Peabody was waiting when Eve stepped out. “The commander’s in the meditation room, this level. We can go over now.”
“I’ll go over. Inform the team we’ll debrief at the conference room in one hour.”
“I’ll inform the team, and we’ll go over. You’re rank, but we’re partners. I’m in this, too.”
“No point in both of us getting our asses kicked over it.”
“There is to me.”
“Fine. It’s your ass.”
“Every square inch. Trueheart! Inform the team we debrief in one hour at Central, conference room. It’s heady to outrank someone,” Peabody said as they continued on. “At least I outrank him for the moment.”
“Whitney’s not going to bust you down to uniform. One of us leaked the sketch, and my money’s on a uniform there. So, after we’re roasted, we do some roasting ourselves. Either way, it comes down to a FUBAR on this op.”
She stopped outside of the meditation room. “Last chance.”
“No. I’m in.” Peabody opened the door herself.
Jonah and Carol MacMasters sat together on a small sofa. From her chair, Anna Whitney leaned forward and poured tea from a delicate pot into delicate cups. Whitney turned from the window.
“We’ll speak elsewhere,” he said, but before he could move away from the window, Carol sprang up.
“How could you let this happen? How could you? At Deena’s memorial?”
“Carol, stop. Stop.” MacMasters got to his feet.
“It’s a disgrace.”
“Yes, it is.” He took his wife by the shoulders. “And it was my men who caused it, not the lieutenant’s. It was my men.”
“Regardless of that, this was my operation,” Eve said, “and my responsibility. I have no excuse, Mrs. MacMasters, and my apologies are hardly adequate.”

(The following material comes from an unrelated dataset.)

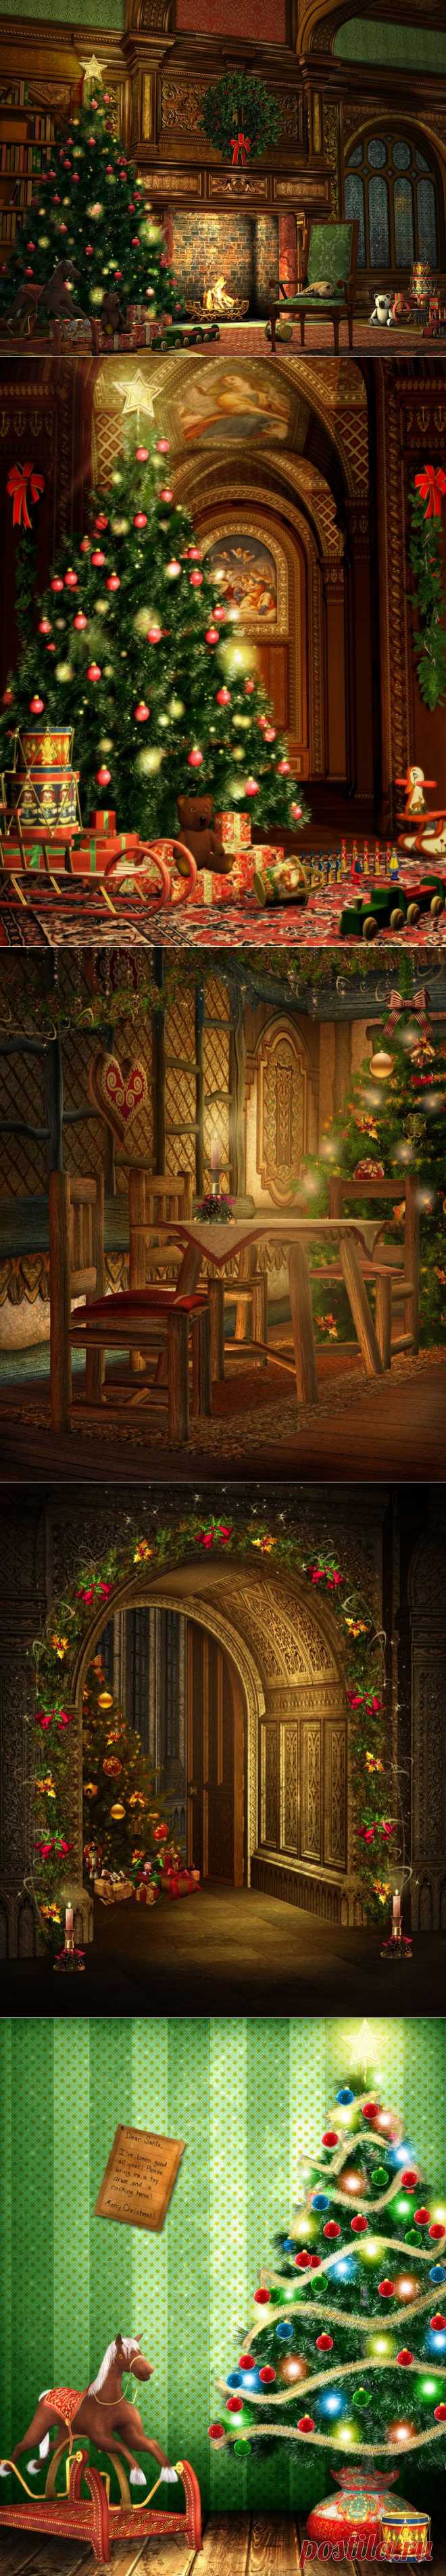 Большая рождественская ёлка | Newpix.ru - позитивный интернет-журнал
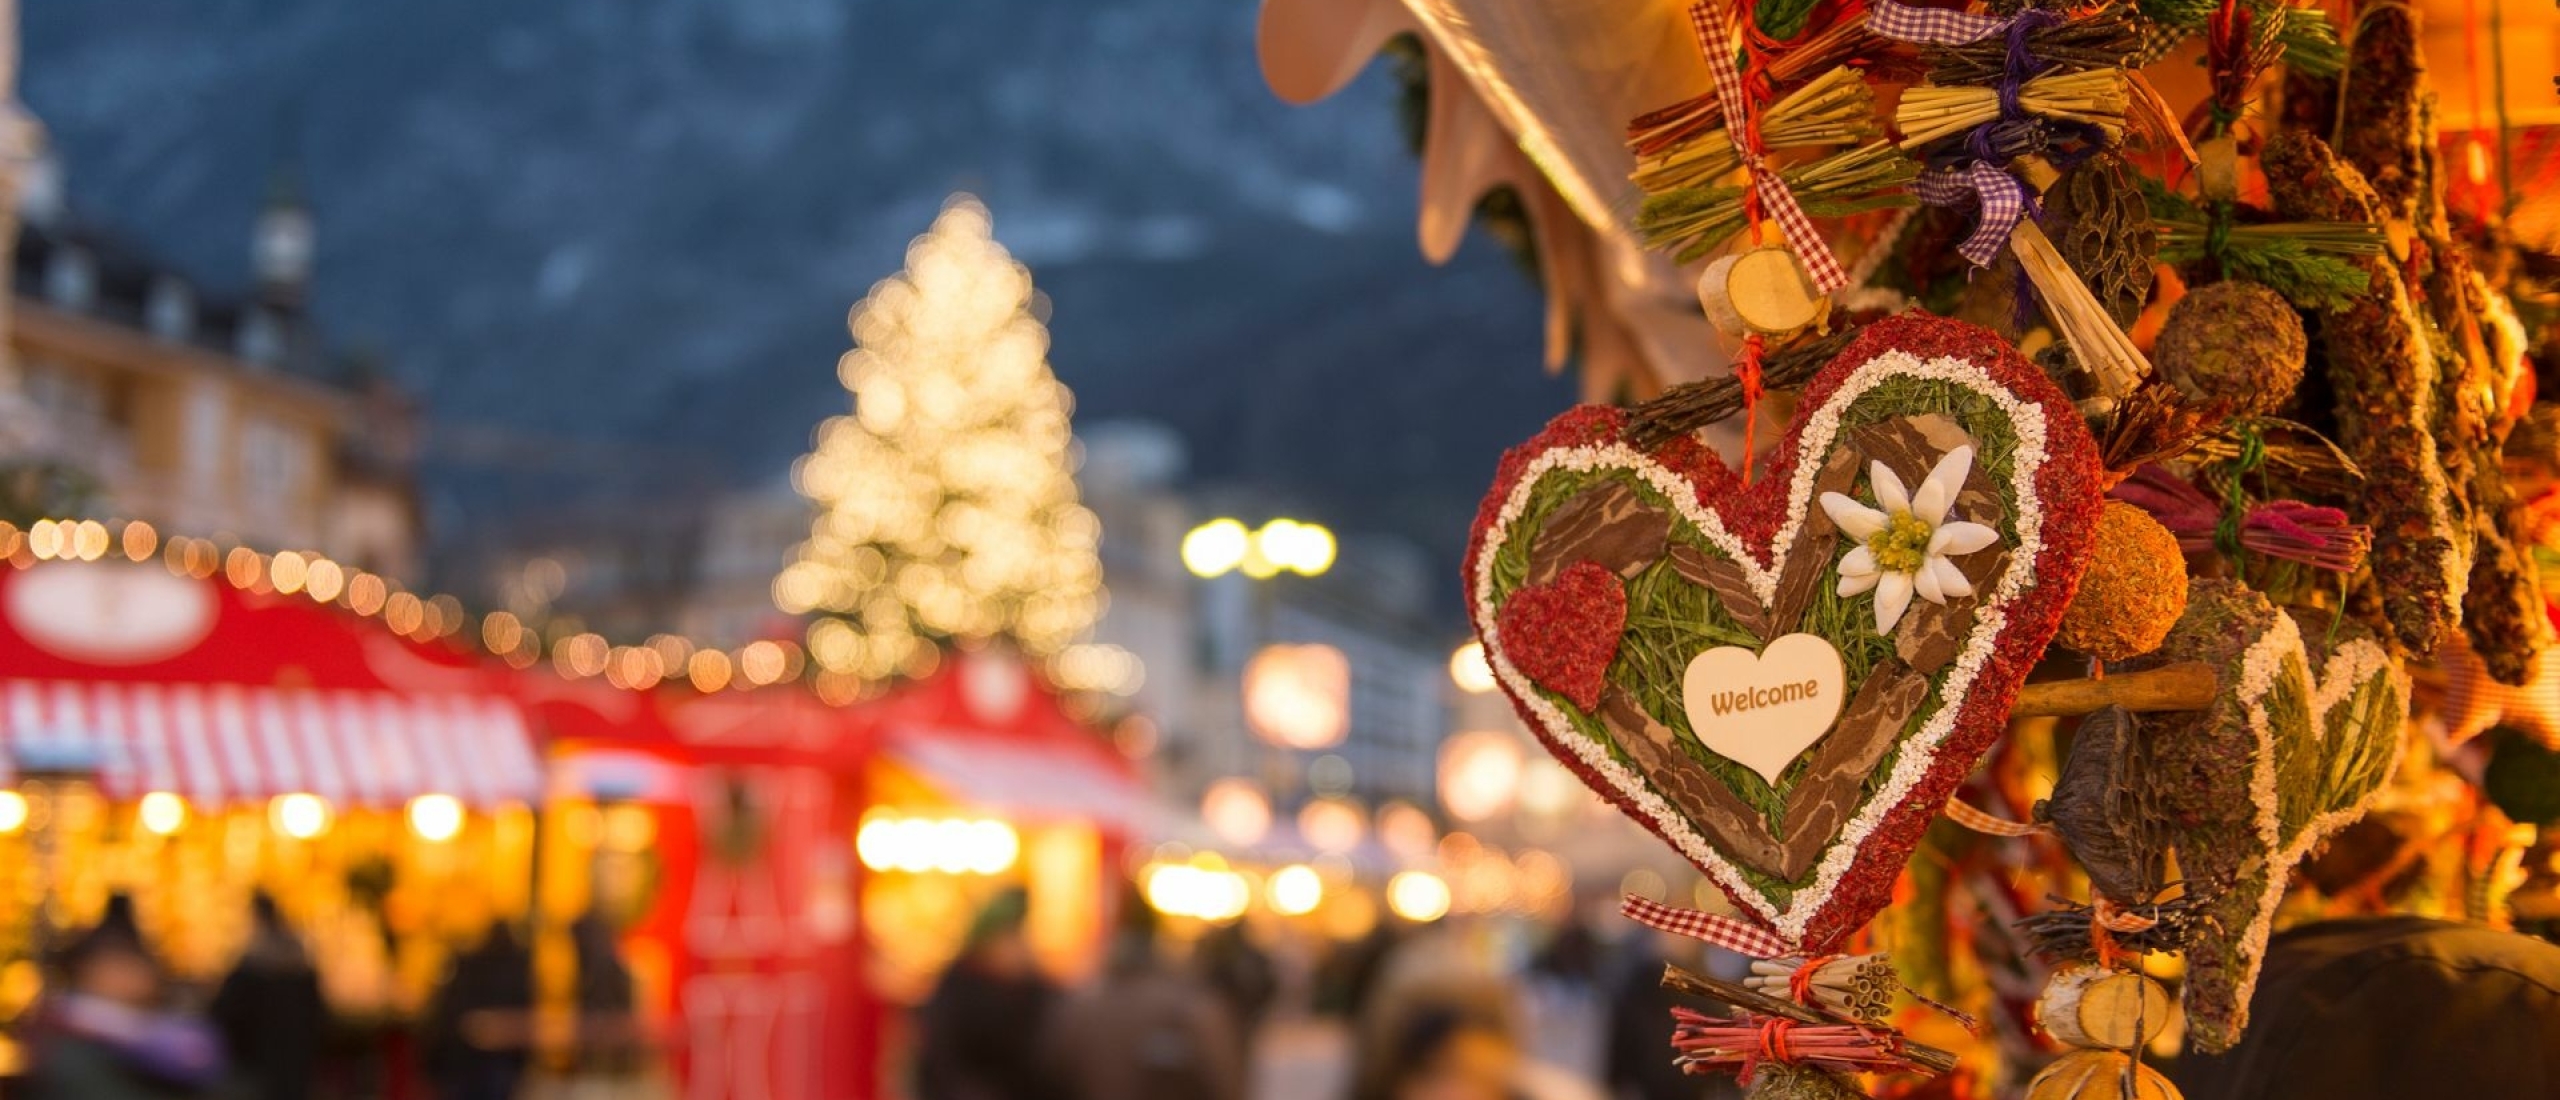 Kerstmarkt Duitsland: de top 5 die de moeite waard zijn!

“Is that supposed to mean something to me?” Her eyes burned with a fury Eve imagined hurt less than grief. “You take responsibility?”
“No, but it’s all I have. I should be standing here telling you I have the man who killed your daughter in custody, and I’m not. Nothing I say can mean anything to you.”
“Carol.” Anna put the teapot down. “You’ve been a cop’s wife too long to do this. You’ve been a cop’s wife long enough to know everything that can be done is being done, and that lashing out at the lieutenant doesn’t help Deena.” She stood. “Now, come with me. We’ll go sit with Deena while this is sorted out.”
She led Carol out, closed the door quietly behind her.
“Lieutenant,” Whitney said coolly, “report.”
She did so just as coolly and in careful detail. When she spoke of Harrison and Cunningham, MacMasters rested his head in his hands.
“Who leaked it?” Whitney demanded.
“I’ll debrief within the hour, sir. I will have that information within an hour and five.”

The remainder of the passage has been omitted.